BLM to hire fertility control coordinator

/ In The News, News

Photo taken at the Salt Wells Herd Management Area in Wyoming by Meg Frederick.

The Bureau of Land Management has begun the process of hiring a fertility control coordinator for its Wild Horse and Burro Program — a step we are pleased to see.

We strongly support the use of proven, safe and humane fertility control to slow wild horse and burro population growth so that decades of failed capture-and-removal-only management can be brought to an end.

To be clear: This new position must be more than window dressing.

It must be part of a transition to meaningful implementation of fertility control as a real management tool.

Congress has begun providing additional funding for fertility control, and its use has gained both strong public and broad stakeholder support.

Population modeling shows that the BLM must immediately implement fertility control if it is to stabilize herd growth.

The BLM maintains it will use fertility control — but only after it reaches its arbitrary “Appropriate Management Levels” — 26,785 total wild horses and burros across 10 Western states.

From 2019-23, the BLM removed 57,997 wild horses and burros from the range and applied only 4,936 fertility control treatments.

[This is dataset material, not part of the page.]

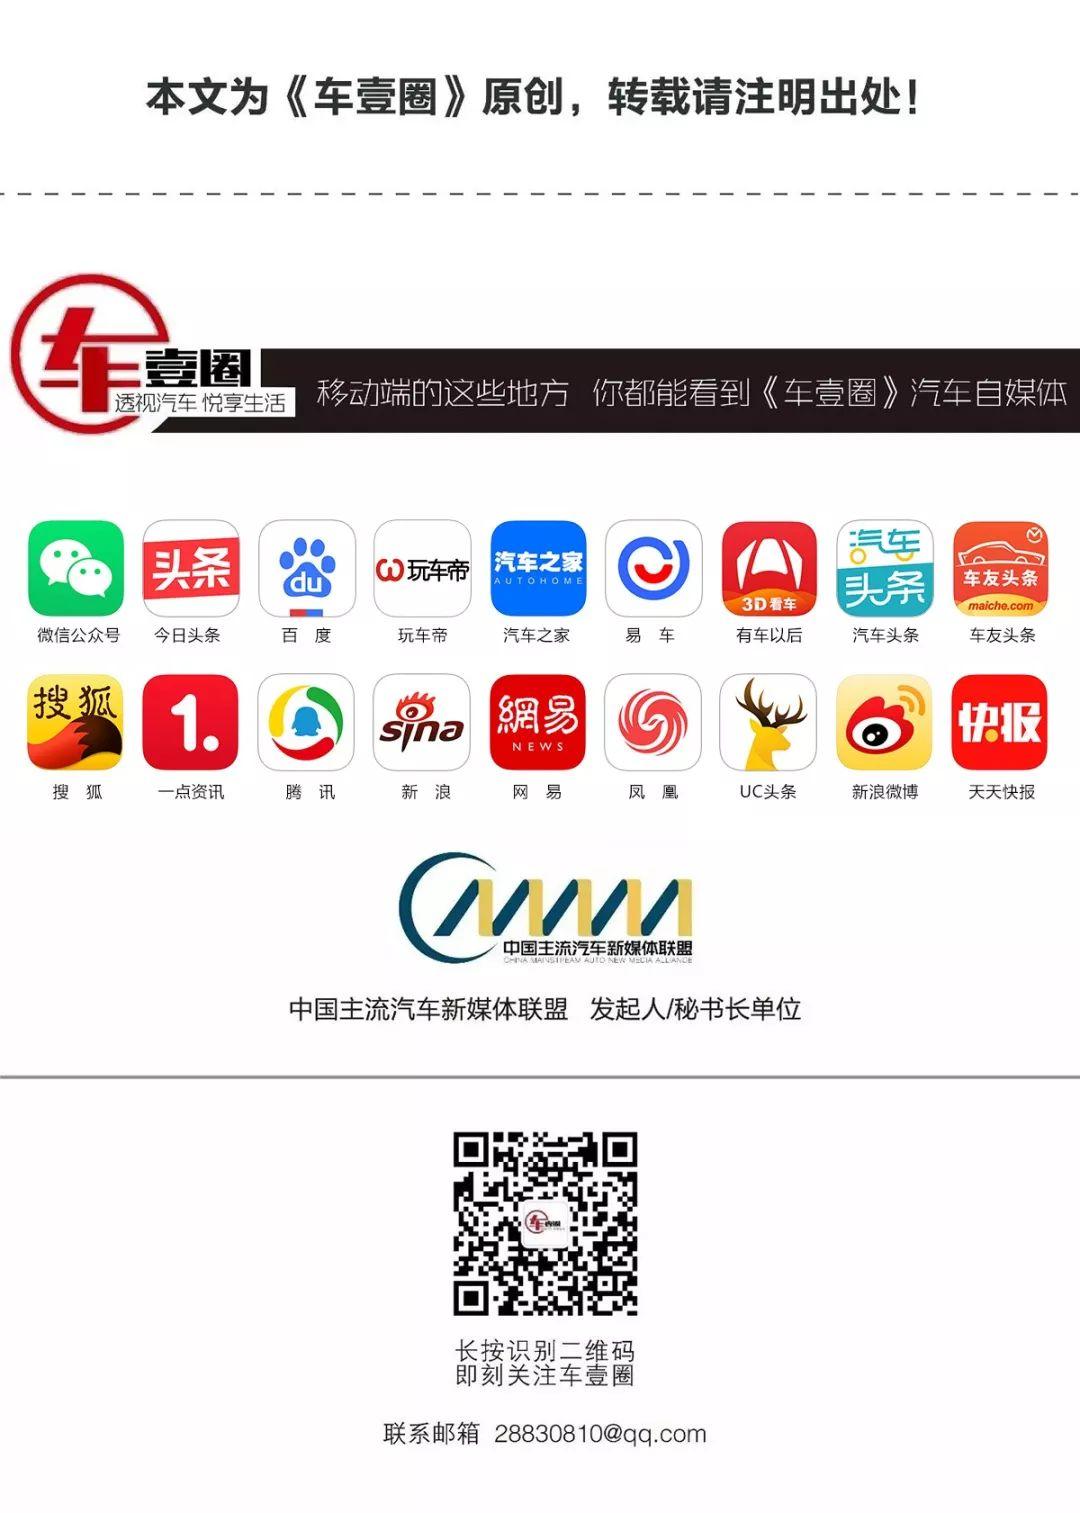 700万奥迪车主时,全新SQ5正式进入中国,售63.28万元

The agency estimates there are 73,520 wild horses and burros roaming public lands that it oversees.

Meanwhile, the number in off-range holding facilities has climbed to more than 66,000. The agency spends more than $109 million annually (69% of its program budget) on holding.

The exploding cost of warehousing captured horses has stymied progress toward more humane and sustainable herd management on-range.

After long promising to create such a position, the BLM posted the opening on Thursday with an application period ending on Oct. 31 — only 15 days.

We urge the BLM to conduct a thorough search and hire a knowledgeable and motivated fertility control coordinator.